▸ Recorded data
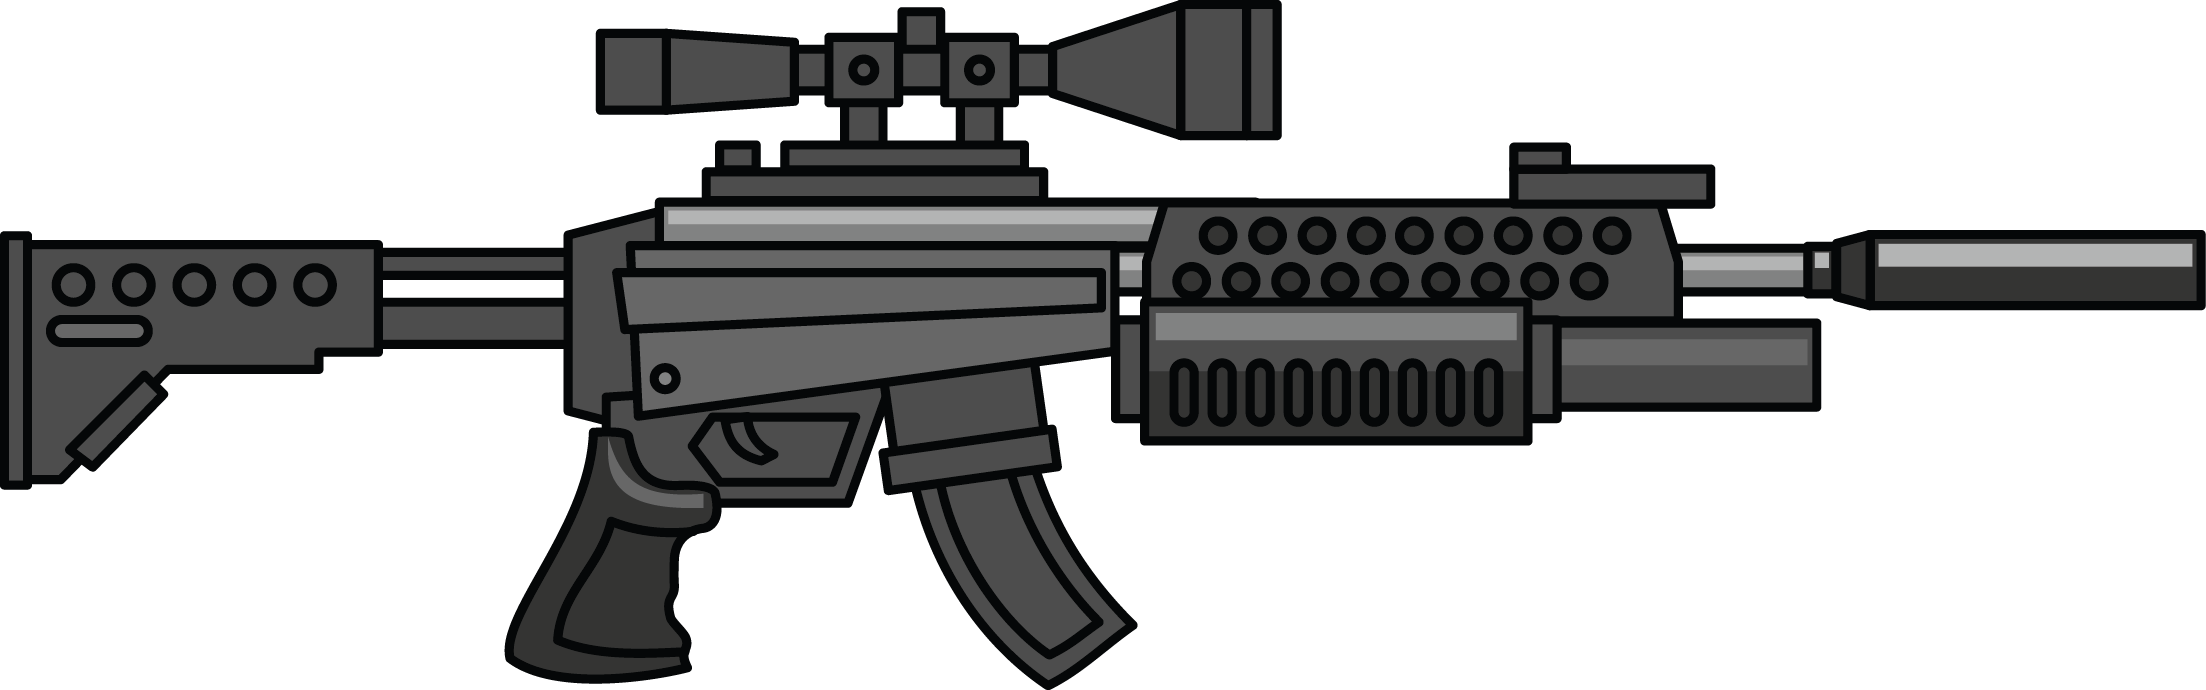 Snipers clipart transparent Clip art image Gun military
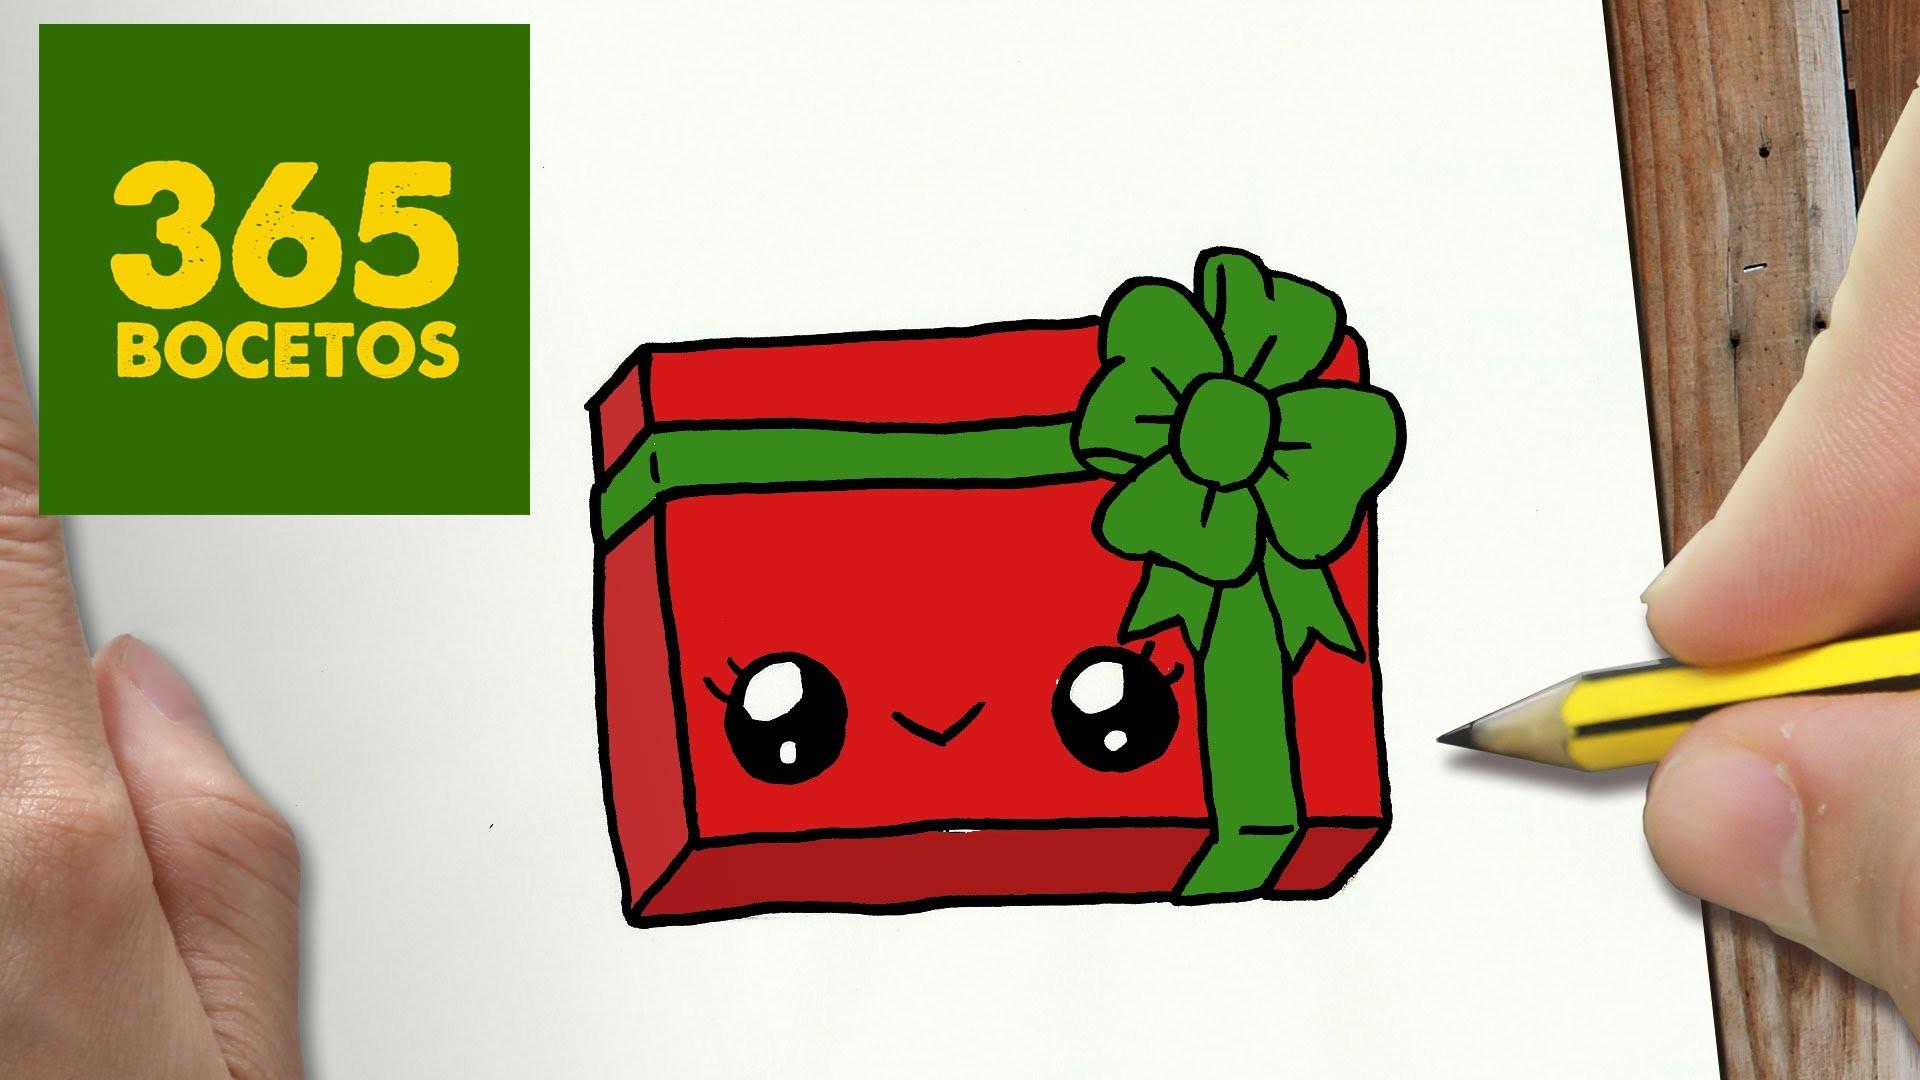 Como Dibujar Un Cuaderno Para Navidad Paso A Paso Dibujos: COMO DIBUJAR UN REGALO PARA NAVIDAD PASO A PASO: Dibujos
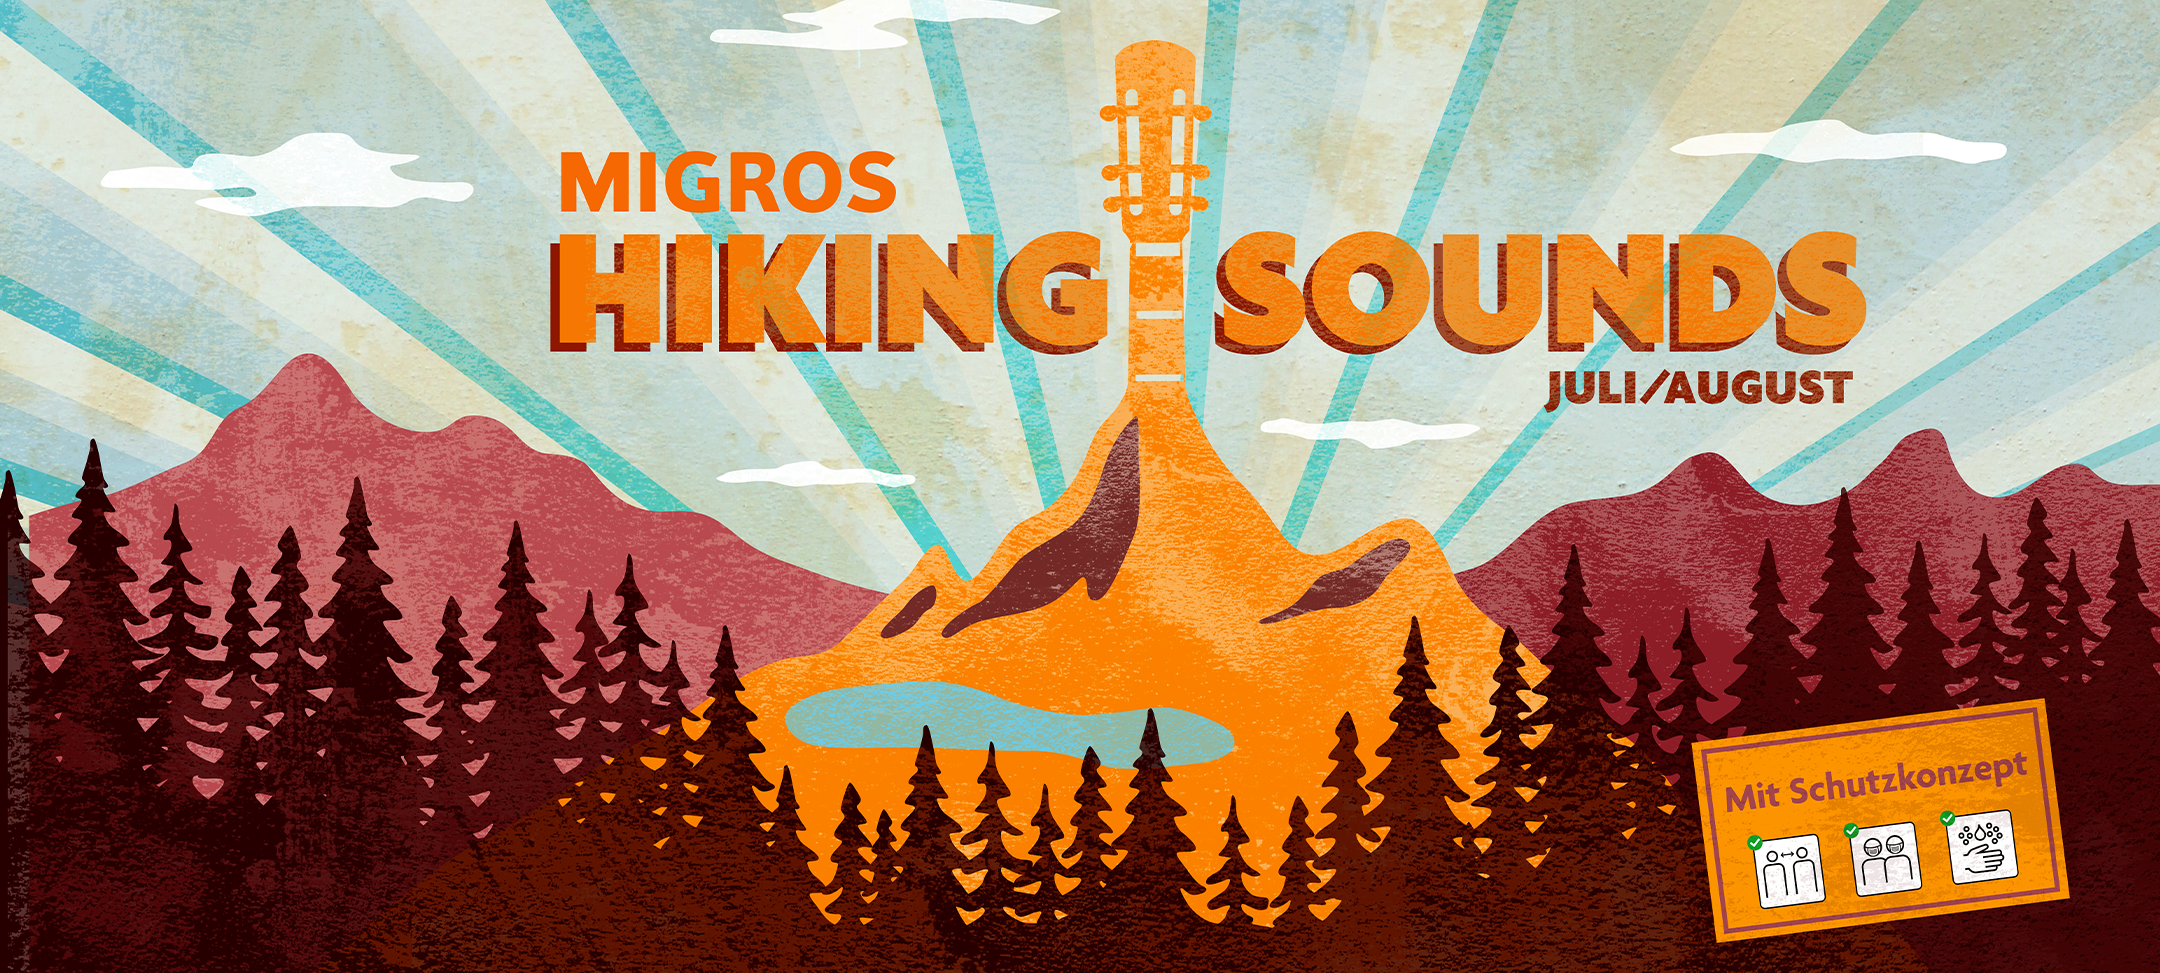 Migroshiking Sounds

▸ What is expected
Within the listing above, find the line containing "Como Dibujar Un Cuaderno", then print it and every line after it exactly, leaving out pictures.

▸ Written answer
 Como Dibujar Un Cuaderno Para Navidad Paso A Paso Dibujos: COMO DIBUJAR UN REGALO PARA NAVIDAD PASO A PASO: Dibujos
 Migroshiking Sounds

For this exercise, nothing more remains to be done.